No Leg To Stand On

When Stephanie West Allen sent me the link, I was as appalled at the idea of “tranableism” as could be.

Smith’s patients are just two examples of people who have body integrity identity dysphoria, also known as being transabled: They feel they are disabled people trapped in abled bodies.

The gut reaction, that this was either good old psychosis or some nouvelle scam to get a handicapped parking permit came swiftly. But the next sentence took it to a very different place.

Some people feel that they are meant to be amputees and will even injure themselves in order to create the desired amputation or make it medically necessary for a surgeon to perform it. Other people feel that they were meant to be blind or deaf.

The isn’t about an otherwise “abled” person pretending to be disabled, although they exist and are known as “pretenders.” This is about people who, for reasons that are hard to fathom, make two nearly inconceivable choices. The first is to excise a healthy body part, often a leg, from their body. The second is to live the rest of their life as a person without that body part.

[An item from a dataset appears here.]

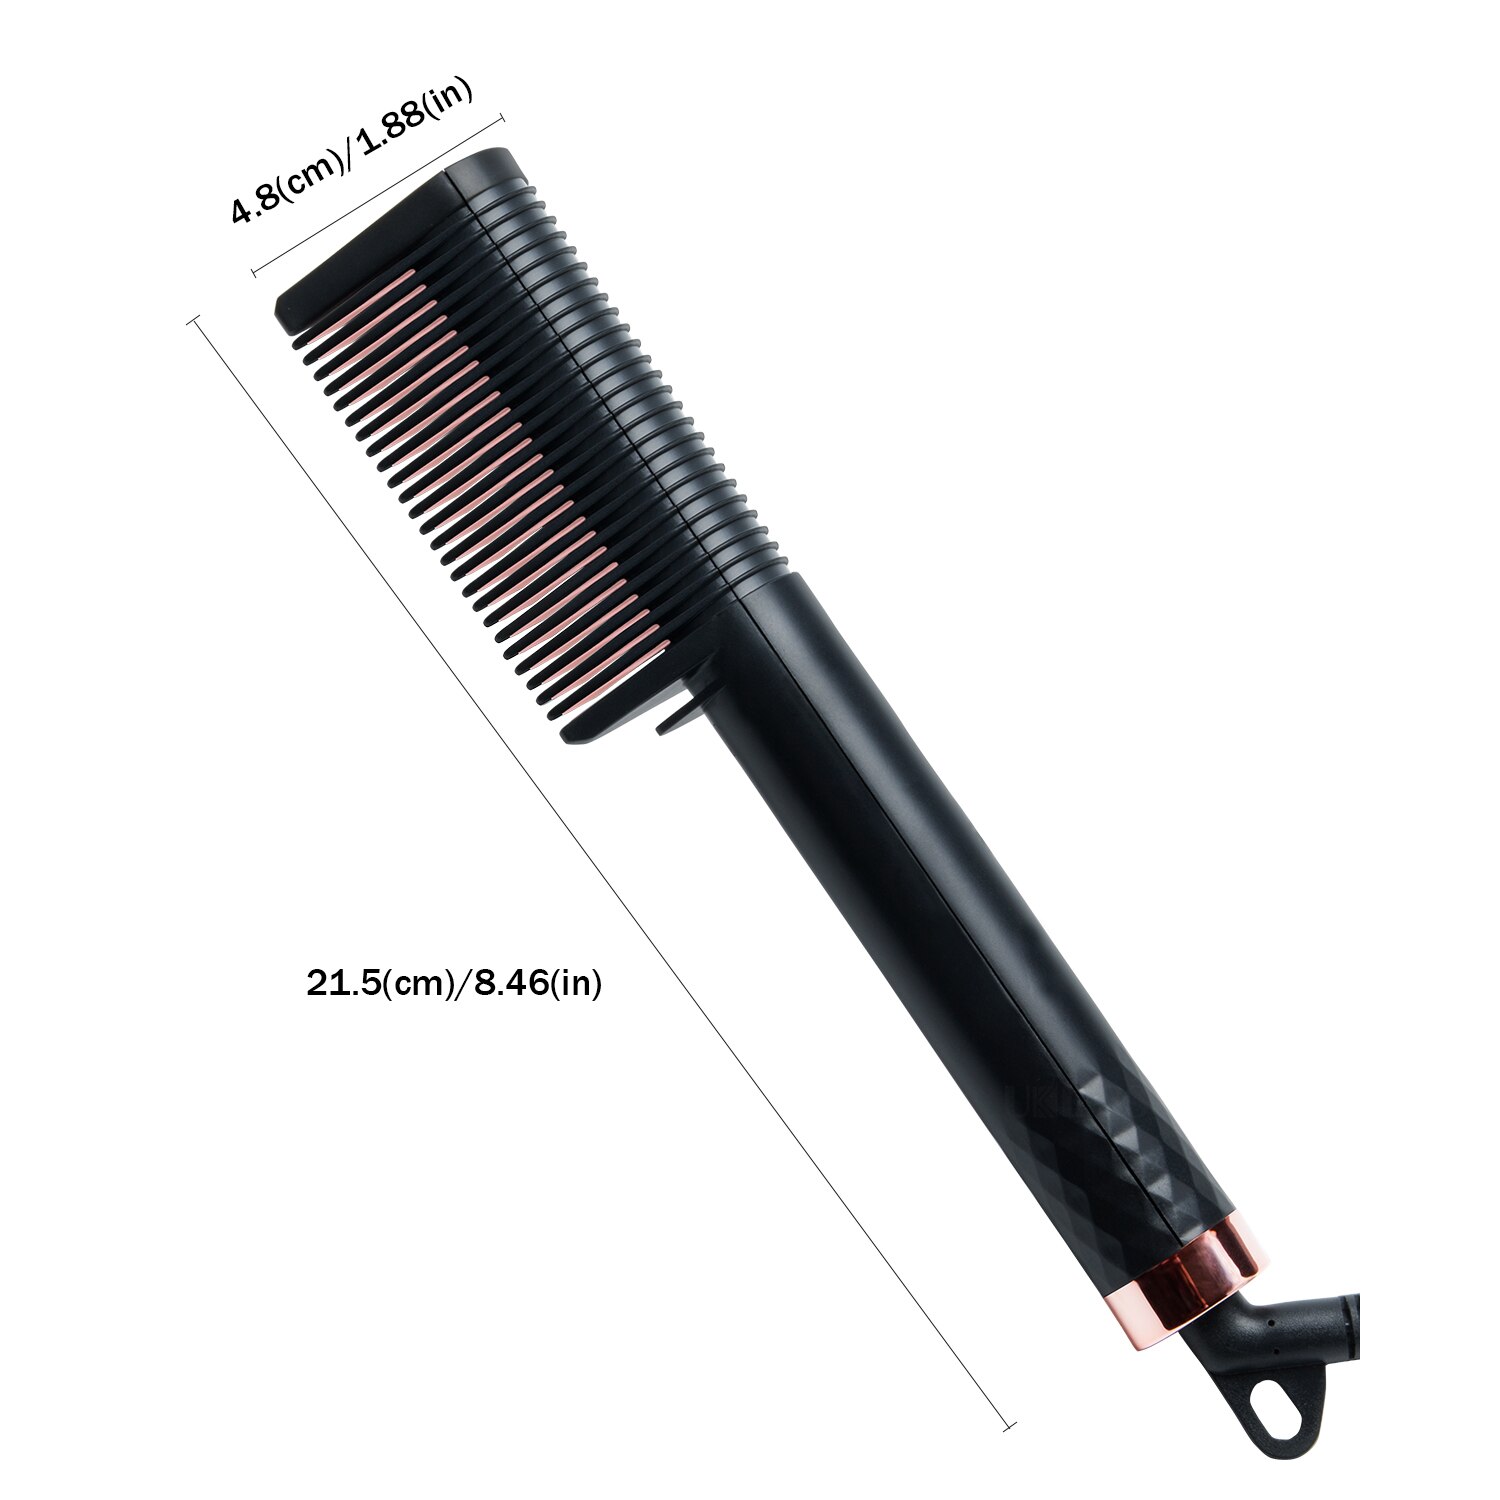 Newly Electric Hair Straightening Brush and Curler Comb Ceramic Ionic Anti Frizz&Scald Beauty Hair Styling Tool: UK

Then came the next wave of assumptions, that this was some extension of fashionable delusion by those suffering from a panoply of mental illnesses, from depression to anxiety to whatever else can be found in the DSM-V, as a “solution” to other problems. Hate yourself? Maybe you’ll like yourself better as a unidexter. Off with your leg!

But then someone told me about an article in The Atlantic from 20 years ago taking a deep dive into what was then called “apotemnophilia,” as the “trans” prefix had yet to become trendy. The phenomenon wasn’t new.

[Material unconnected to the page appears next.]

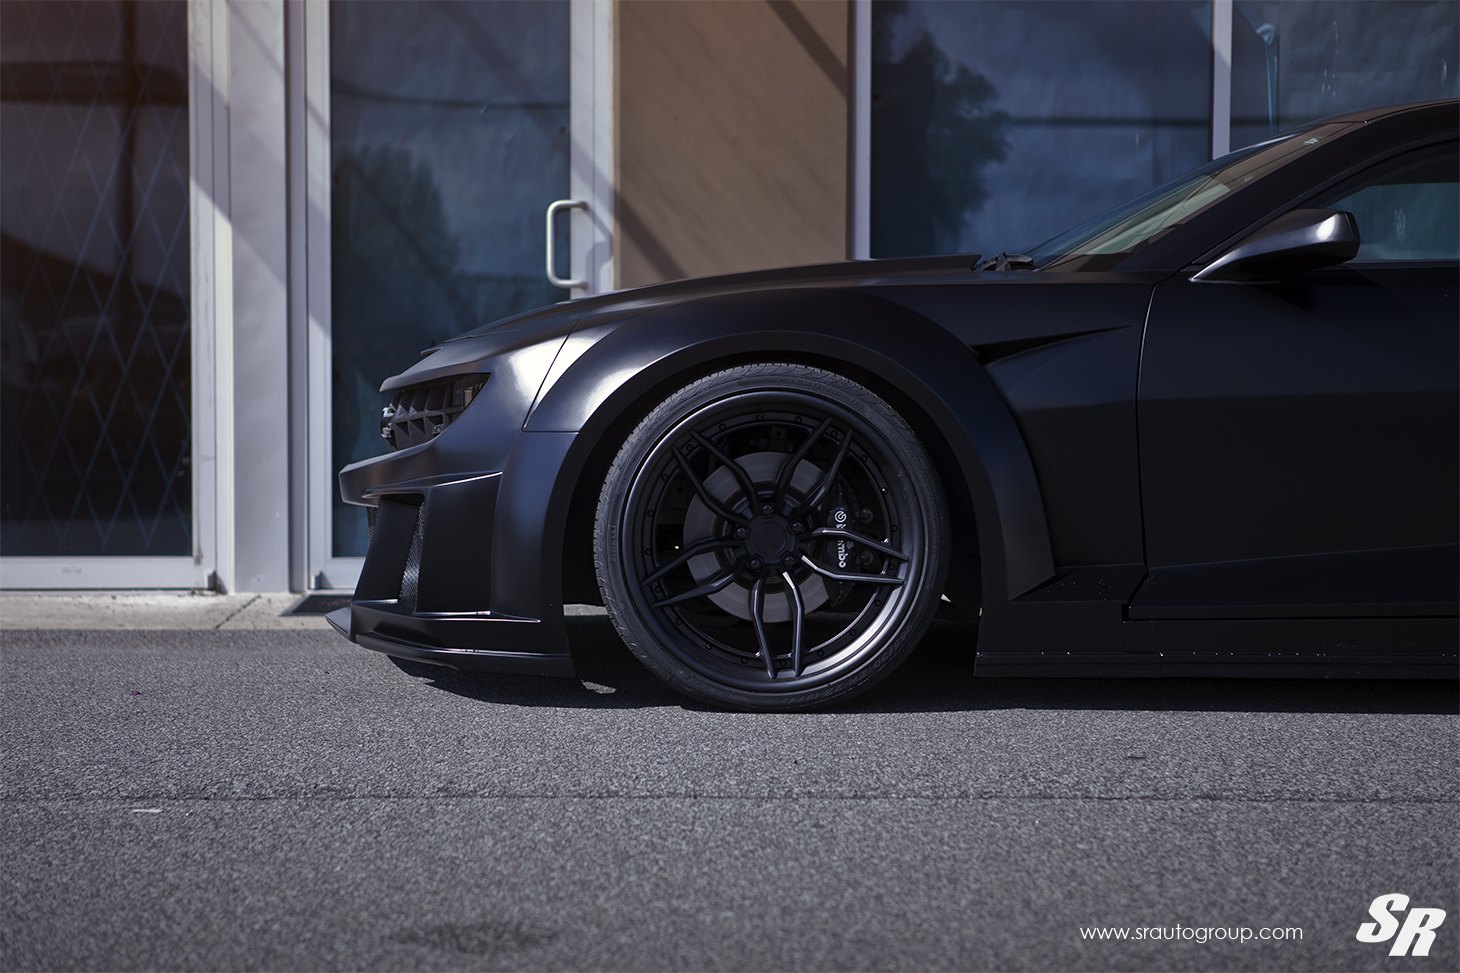 Aftermarket Rims with Brembo Brakes on Chevy Camaro - Photo by SR Auto Group

Although it took him eighteen months to work up the courage to do the first amputation, Smith eventually decided that there was no humane alternative. Psychotherapy “doesn’t make a scrap of difference in these people,” the psychiatrist Russell Reid, of Hillingdon Hospital, in London, said in a BBC documentary on the subject, called Complete Obsession, that was broadcast in Britain last winter. “You can talk till the cows come home; it doesn’t make any difference. They’re still going to want their amputation, and I know that for a fact.” Both Smith and Reid pointed out that these people may do themselves unintended harm or even kill themselves trying to amputate their own limbs. As the retired psychiatrist Richard Fox observed in the BBC program, “Let’s face it, this is a potentially fatal condition.”

There are two critical points in there, both of which remove the discussion for those called “wannabes” within the community of people who share this need to remove a limb. First, psychotherapy didn’t help. The obvious reaction upon learning of transableism is that these are seriously ill people who need help. Even psychologists figured this one out. But when help was given, it didn’t help.

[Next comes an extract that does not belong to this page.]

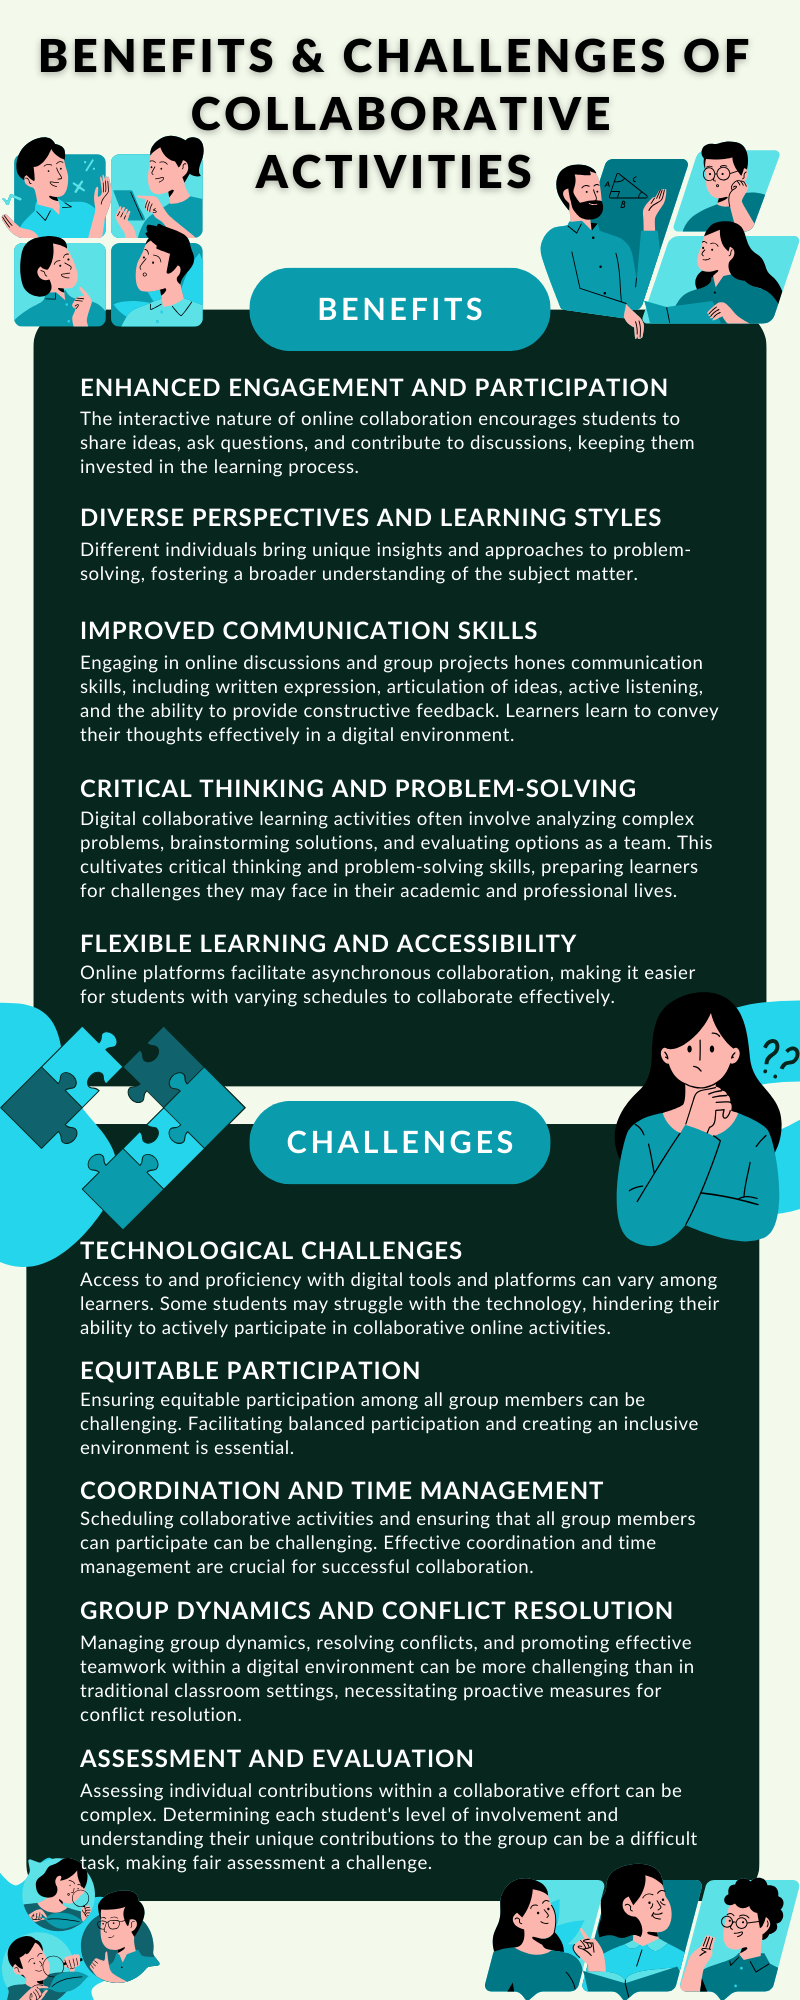 BENEFITS AND CHALLENGES OF COLLABORATIVE LEARNING ACTIVITIES

It could be that the psychotherapeutic treatment just wasn’t right, or sufficient, and its failure wasn’t a reflection of there not being a mental illness, but not having the right cure.

The second point was that if surgeons weren’t willing to provide the medical assistance sought, people would do it themselves.

“It was kind of messy,” he says. “I did it with a log splitter.” He then explains, in a thoughtful, dispassionate manner, the details of his “accident” ten years ago—the research he had done on anesthesia and wound control, how he had driven himself to the emergency room after partially amputating his limb, the efforts of the hospital surgeons to reattach it. He lived with the reattached leg for six months, he said, until medical complications finally helped him persuade another surgeon to amputate it.

The Atlantic articles delves into the psychological reasons why someone would do this to themselves, but the point is that they do, and did long before anyone could call it a product of fashion.

There is a natural inclination to analogize “body integrity identity dysphoria” with “body dysmorphia,” the latter being a recognized condition in the DSM-V and a manifestation being reflected in transgender people. Both share a common aspect, the removal of healthy body parts in order to conform the physical body to the body image of its possessor. And before anyone leaps to facile connections, consider that there are many other examples, far more common and less controversial, such as breast reduction surgery or even rhinoplasty, a “nose job.”

But the analogy seems flawed in that the end result of the physical body alteration serves to create a new, intact, more positive body. Both give the person the body they want, or need, or desire, according to how one interprets the psychological motivations, but to give up a limb leaves a person with limitations they didn’t have before, and don’t need to have. Their body may be what they always felt it was meant to be, but they have caused themselves challenges that make their life more difficult.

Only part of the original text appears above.